NOTICE TO ATTEND THE ANNUAL GENERAL MEETING IN WEBROCK VENTURES AB

MARKN.

The shareholders in Webrock Ventures AB, reg. no. 559130-4406, are hereby given notice to attend the annual general meeting to be held on 14 May 2025 at 15:00 CEST at Nybrogatan 6, 5th floor in Stockholm.

Right to participate and notice of participation
A shareholder who wishes to participate at the annual general meeting must:

  1. be recorded in the share register maintained by Euroclear Sweden AB on 6 May 2025.
  2. notify the company of their intention to participate in the meeting by post at address Mailbox 375, 111 73 Stockholm or by email to anna@webrockventures.com no later than 8 May 2025. The notification shall set forth name or company name, personal identity number or corporate identity number, address, telephone number, the number of shares held, and, if applicable, information about assistants (no more than two).

Nominee-registered shares
Shareholders whose shares are held in the name of a nominee must, in order to be able to participate at the general meeting and exercise their voting right, temporarily re-register the shares in their own name in the share register maintained by Euroclear Sweden AB (so-called voting right registration). When preparing the share register for the general meeting per the record date, 6 May 2025, voting right registrations completed by the nominee no later than 8 May 2025 will be considered. This means that the shareholders must request that the nominee completes such voting right registration well in advance of 8 May 2025.

Proxy etc.
Shareholders represented by proxy must issue a power of attorney for the proxy. If the power of attorney is issued by a legal entity, a copy of the legal entity's certificate of registration, showing who has authority to issue the power of attorney, must be enclosed. The original version of the power of attorney and, if applicable, the certificate of registration, should well in advance of the general meeting, be sent to Mailbox 375, 111 73 Stockholm. The power of attorney must not be older than one year unless a longer validity term (however no longer than five years) is specifically stated in the power of attorney. A proxy form is available on the company's website, www.webrockventures.com.

Proposed agenda

  1. Opening of the meeting
  2. Election of chairman of the meeting
  3. Preparation and approval of the voting list
  4. Approval of the agenda
  5. Election of one or two persons who shall approve the minutes of the meeting
  6. Determination of whether the meeting has been duly convened
  7. Presentation of the annual report and the auditor's report, and the consolidated annual accounts and the auditor's report for the group
  8. Resolution on approval of the income statement and balance sheet, and the consolidated income statement and consolidated balance sheet
  9. Resolution on the allocation of the company's profits and losses according to the adopted balance sheet
  10. Resolutions regarding discharge of the board members and the managing director from liability
  11. Election of the number of members and deputy members of the board of directors and the number of auditors and deputy auditors
  12. Determination of remuneration to be paid to the board members and auditors
  13. Election of the members of the board of directors and the auditor and deputy auditors
  14. Resolution regarding authorization for the board of directors to resolve on issue of shares, warrants and/or convertible debentures
  15. Closing of the meeting

PROPOSALS FOR RESOLUTION
Item 2 – Election of chairman of the meeting
The shareholder Webrock Management AB (the "Shareholder") proposes that Anna Söderberg, is elected as chairman of the annual general meeting.

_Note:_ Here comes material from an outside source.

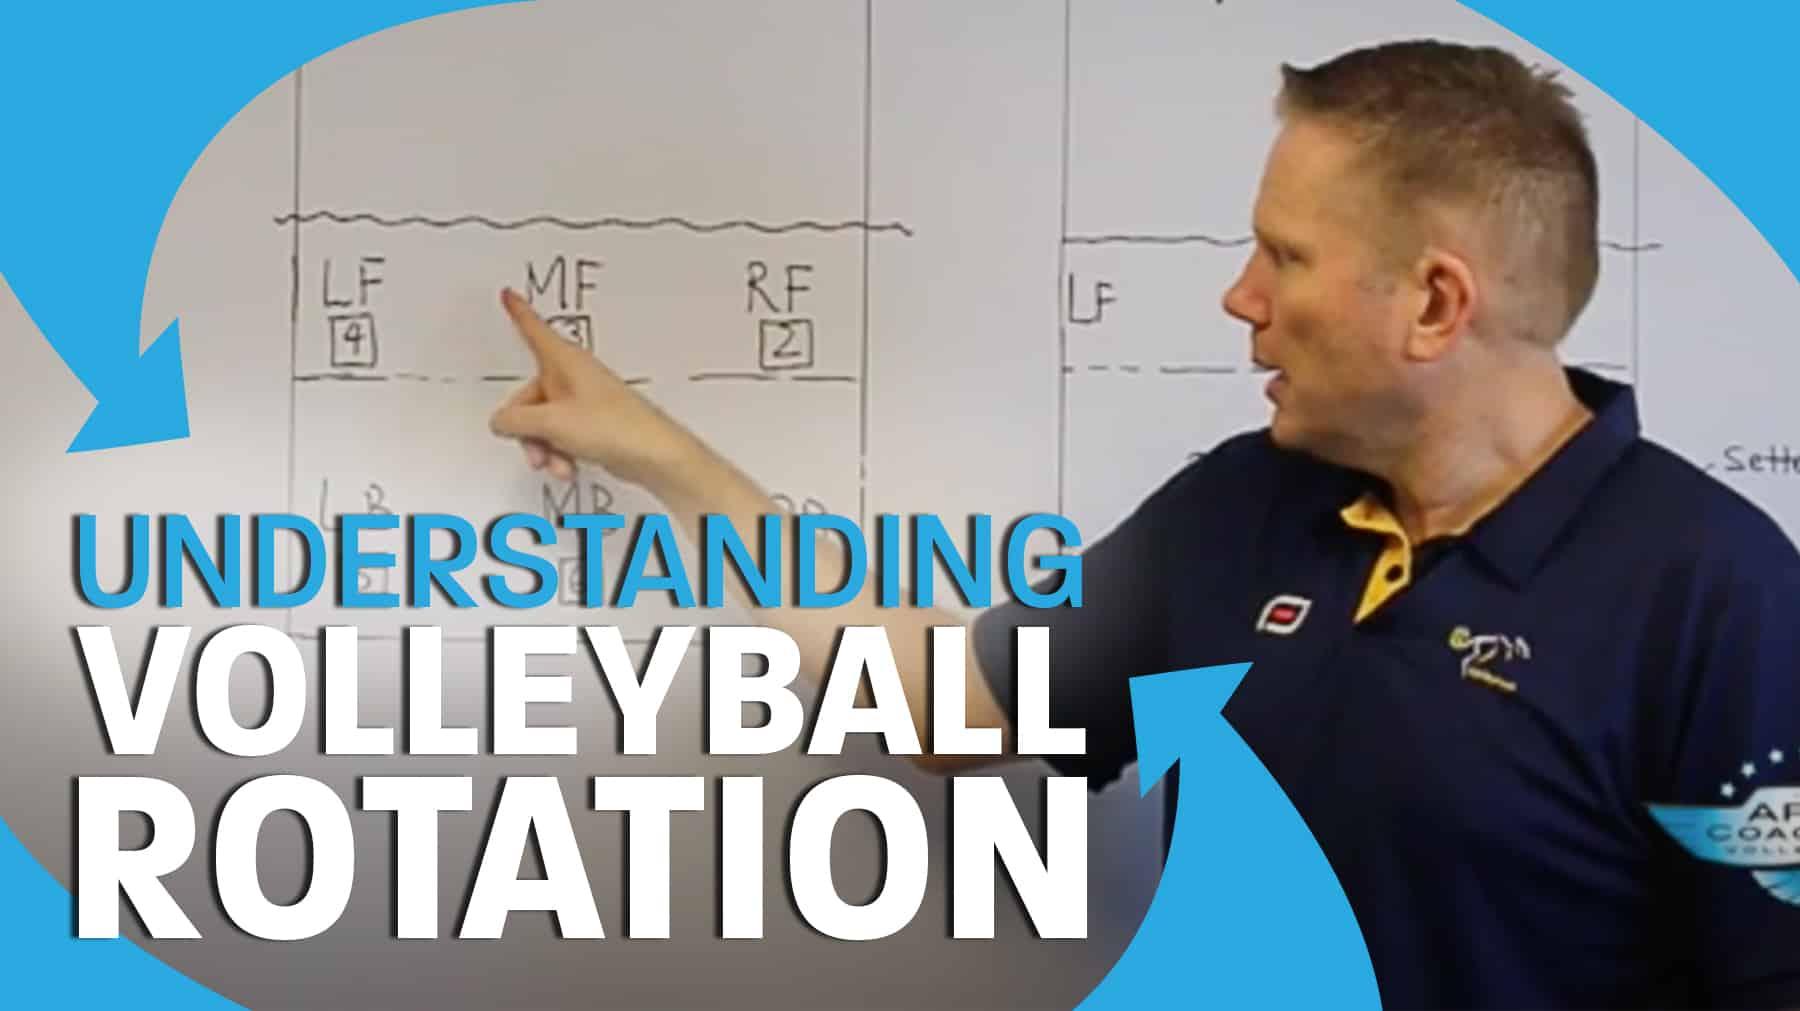 Volleyball Rotation The Basics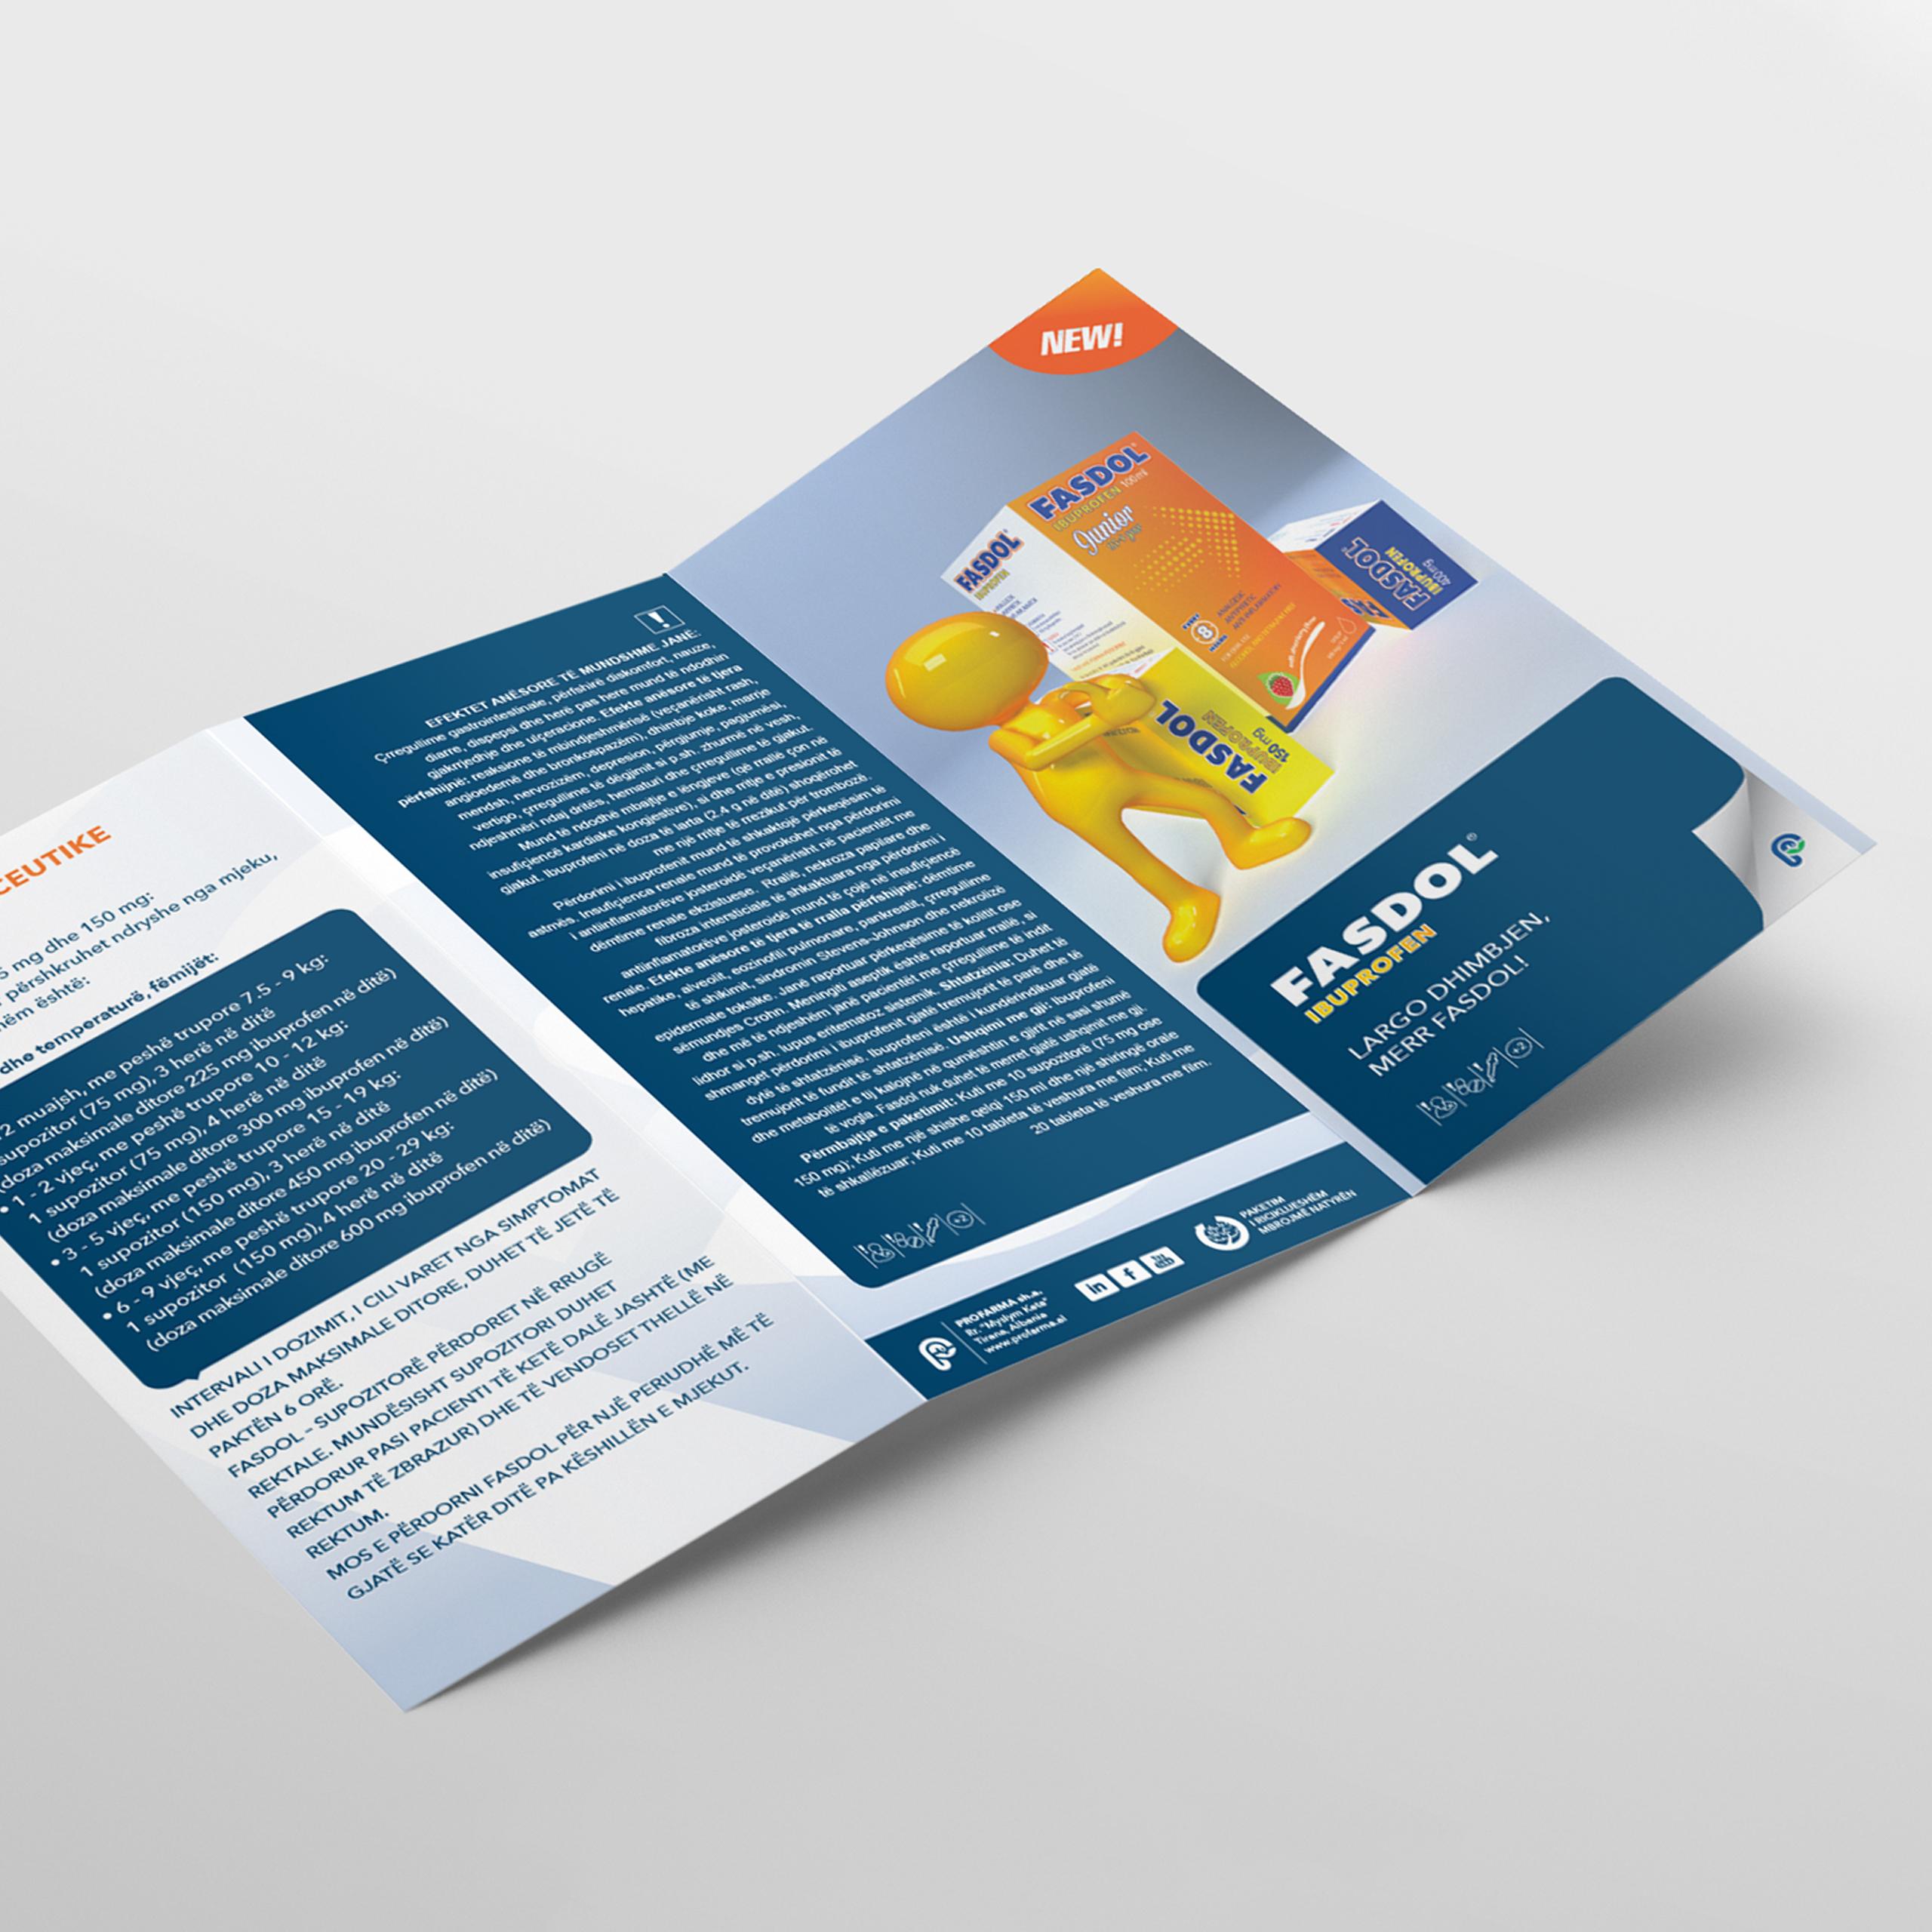 Profarma, Project Img 27 - Vatra Agency / Founder & CEO Gerton Bejo

Item 9 – Resolution on the allocation of the company's profits and losses according to the adopted balance sheet
The board of directors proposes that the year's result shall be carried forward.

Item 11 – Election of the number of members and deputy members of the board of directors and the number of, auditors and deputy auditors
The Shareholder proposes that the number of board members, for the period until the end of the next annual general meeting, shall be five, without any deputy board members. Furthermore, the Shareholder proposes that the company, for the period until the end of the next annual general meeting, shall have one auditor, without any deputy auditors.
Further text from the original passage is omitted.